Bob that reminded me of a visitor I had last year during deer season. She was telling me about this "new" snack called jalapeno poppers. She said her dad had invented them. lol :-D
 
Bob that reminded me of a visitor I had last year during deer season. She was telling me about this "new" snack called jalapeno poppers.

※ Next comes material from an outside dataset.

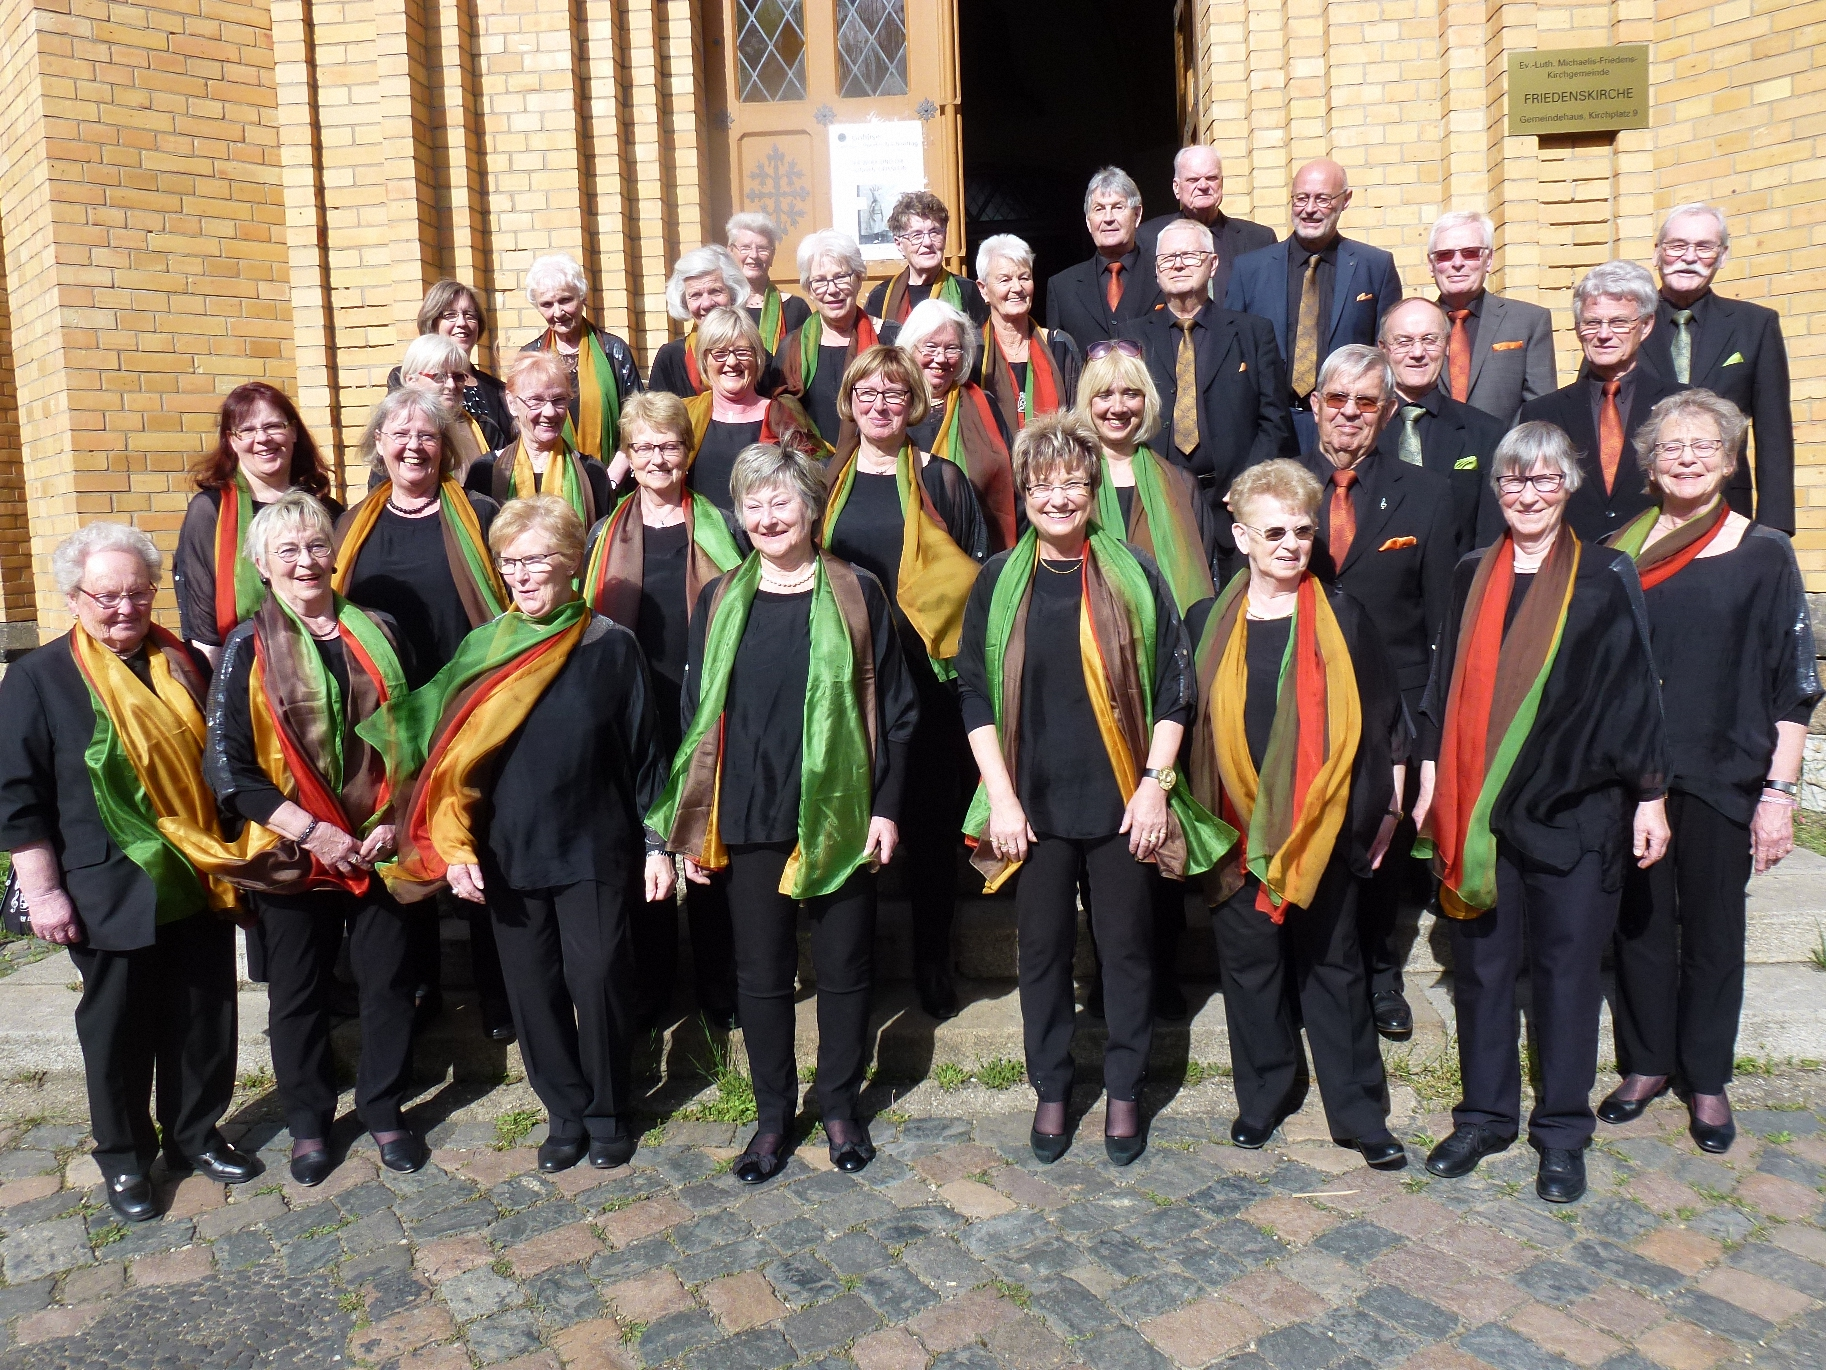 Nach unserem Konzert in der Friedenskirche

She said her dad had invented them. lol :-D

Exactly ! :laugh:
Not only does almost every bar across the country serve them, you can buy them in the grocers freezer section.
But only a select few of the population know the pure awesomeness of a ABT right off the smoker.
 
Other than the oven, she doesn't do a bad job assembling them.

But it brings me to this question:
What do you do with you peppers?

I snip the top off and deseed with a spoon handle.
I leave the pepper whole and unsliced.
Fill them and cook them vertically.

I don't know what it is, but I don't like the "on the half shell (pepper)" version.
 
I usually do the same but I don't like the pepper to stuffing ratio. everytime I do peppers on the half shell all of my cheese ouzes out



Other than the oven, she doesn't do a bad job assembling them.

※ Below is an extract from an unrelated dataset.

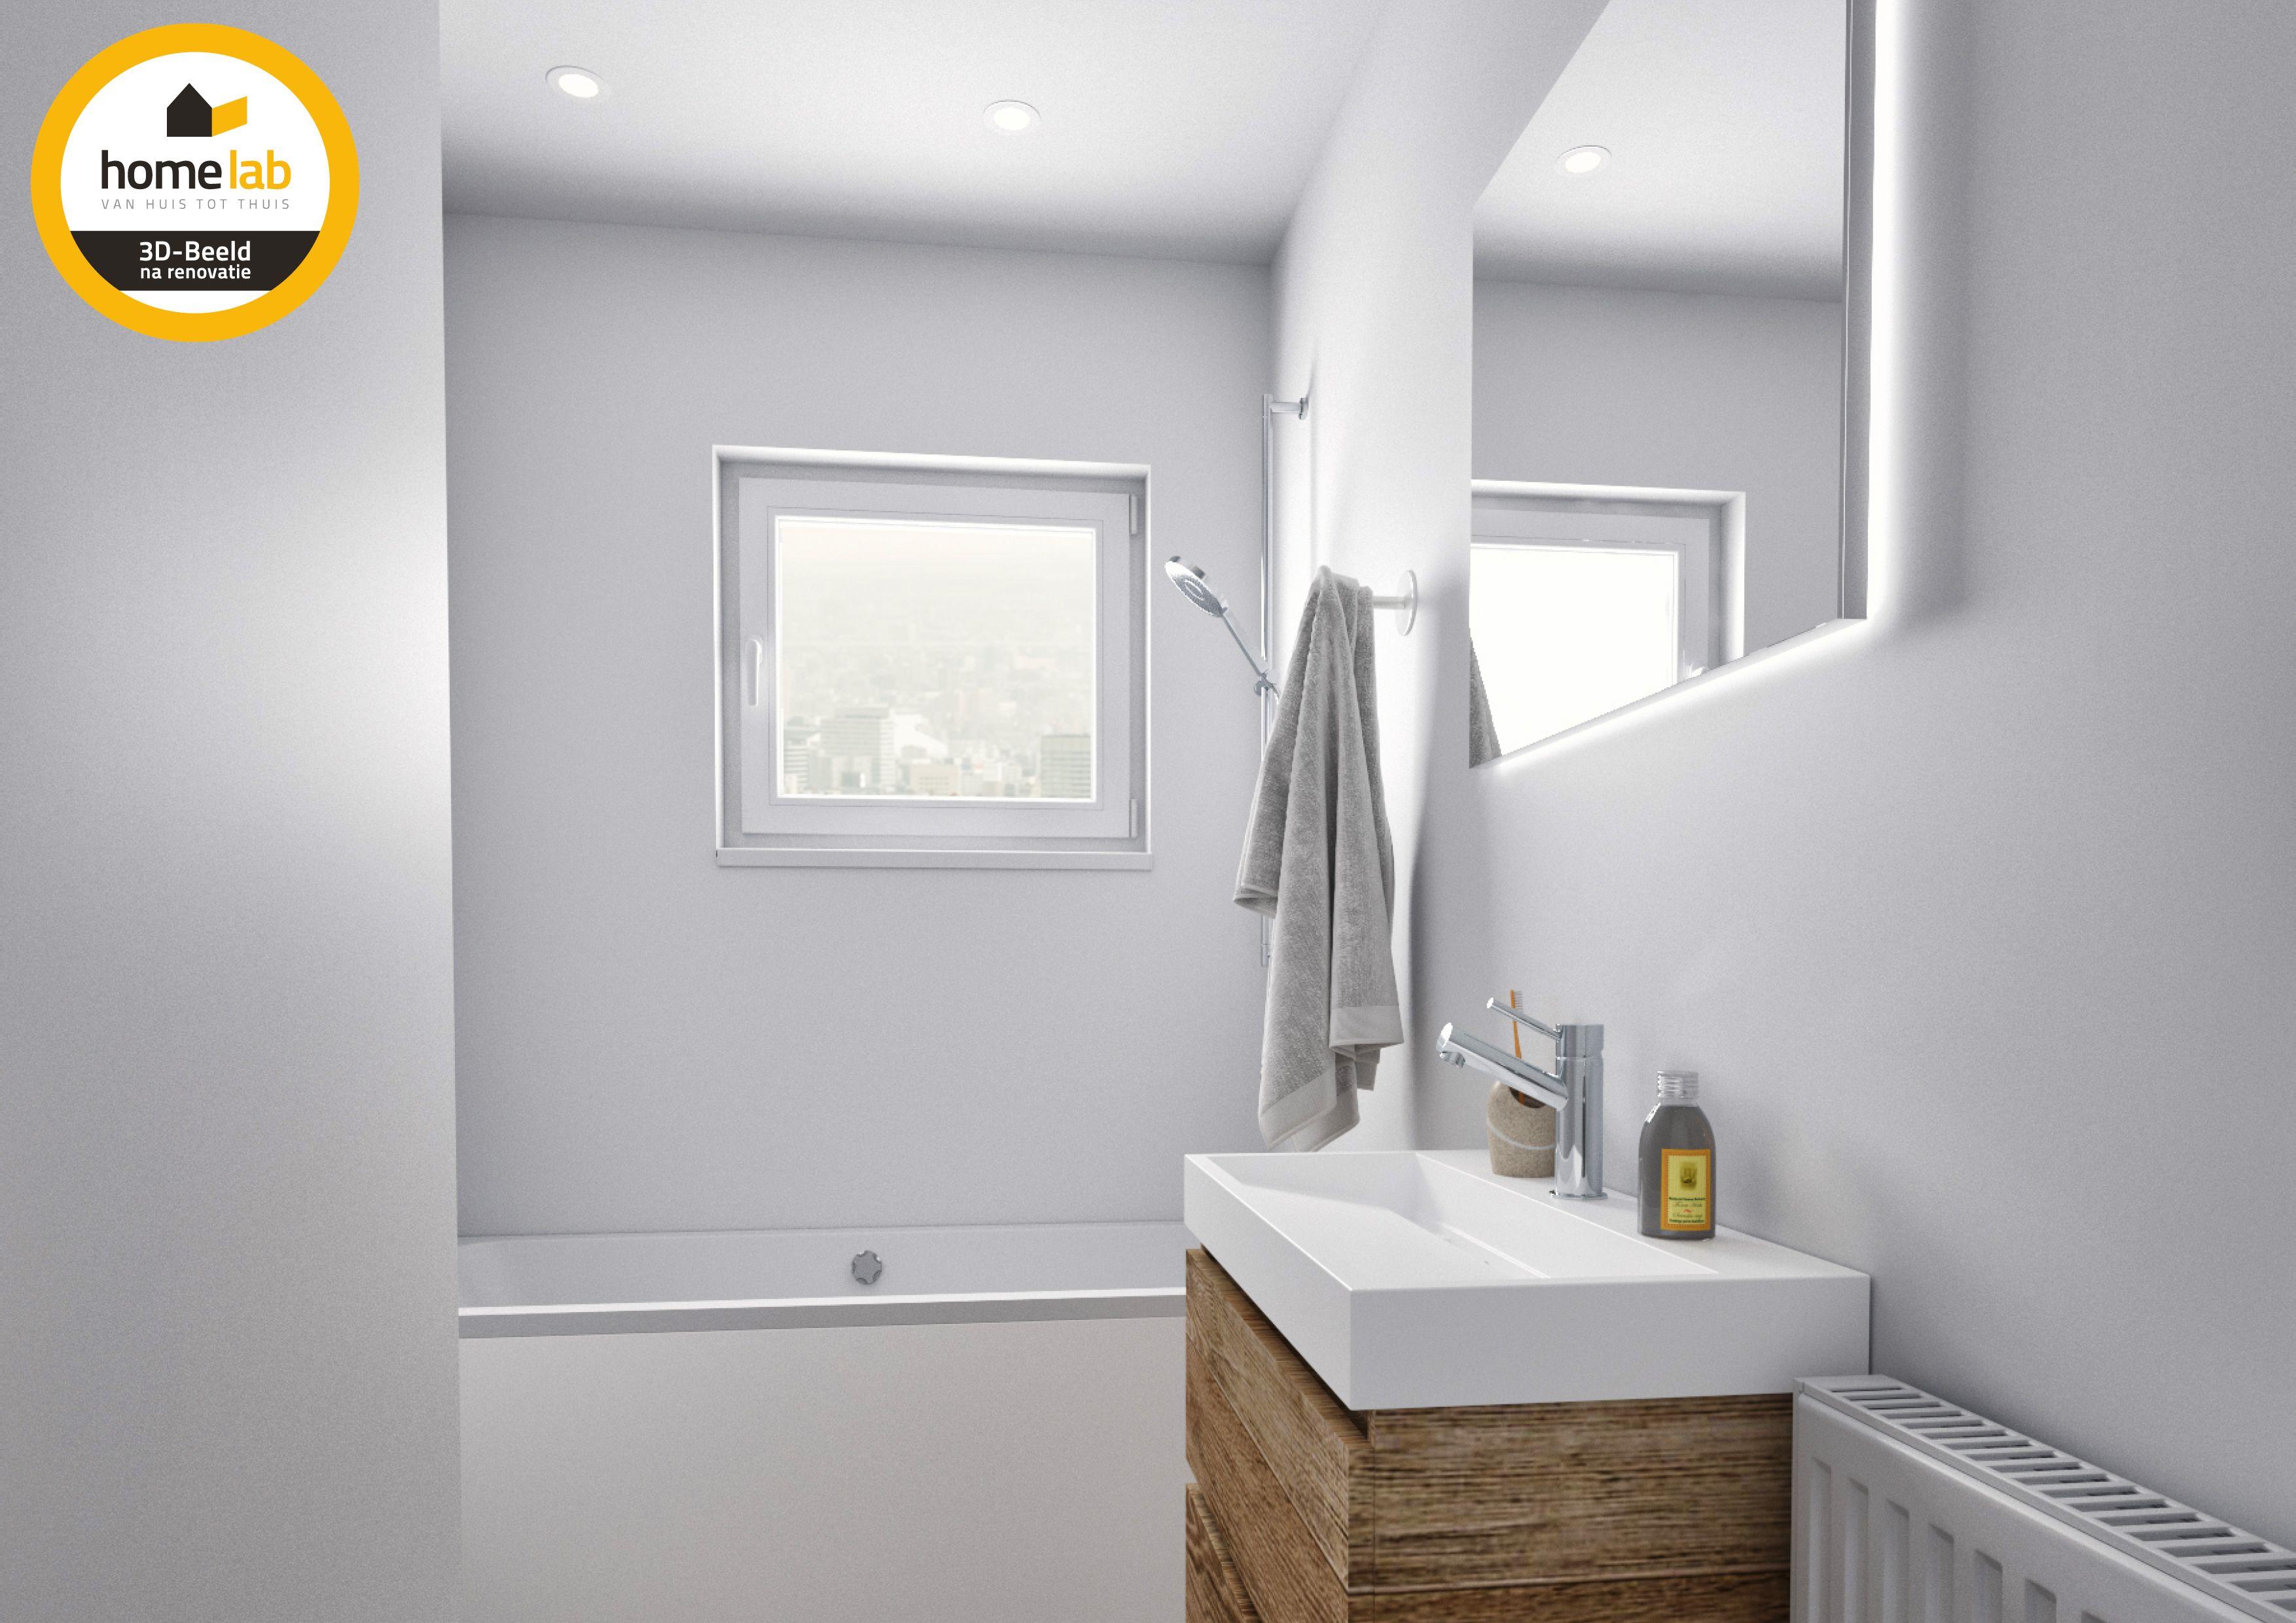 Moderne Witte Badkamer : Moderne witte badkamer met hout afgewerkt homelab

But it brings me to this question:
What do you do with you peppers?

I snip the top off and deseed with a spoon handle.
I leave the pepper whole and unsliced.
Fill them and cook them vertically.

I don't know what it is, but I don't like the "on the half shell (pepper)" version.
 
But it brings me to this question:
What do you do with you peppers?

I snip the top off and deseed with a spoon handle.
I leave the pepper whole and unsliced.
Fill them and cook them vertically.
Pretty much the same for me, but MRI_Guy gave me a great jalapeno coring tool.
Mine get stuffed with chopped smoked string cheese and chopped dried cherries or chopped dried cranberries. Wrap 'em in bacon and cook vertically, either in home-made ABT racks, or on bamboo skewers.
 
I usually cut the top off, use a regular ole apple corer to cut the veins and seeds out and then stuff with combination spinach, crab and shrimp dip and the wrap with bacon and then set them in a rack made just for this occasion.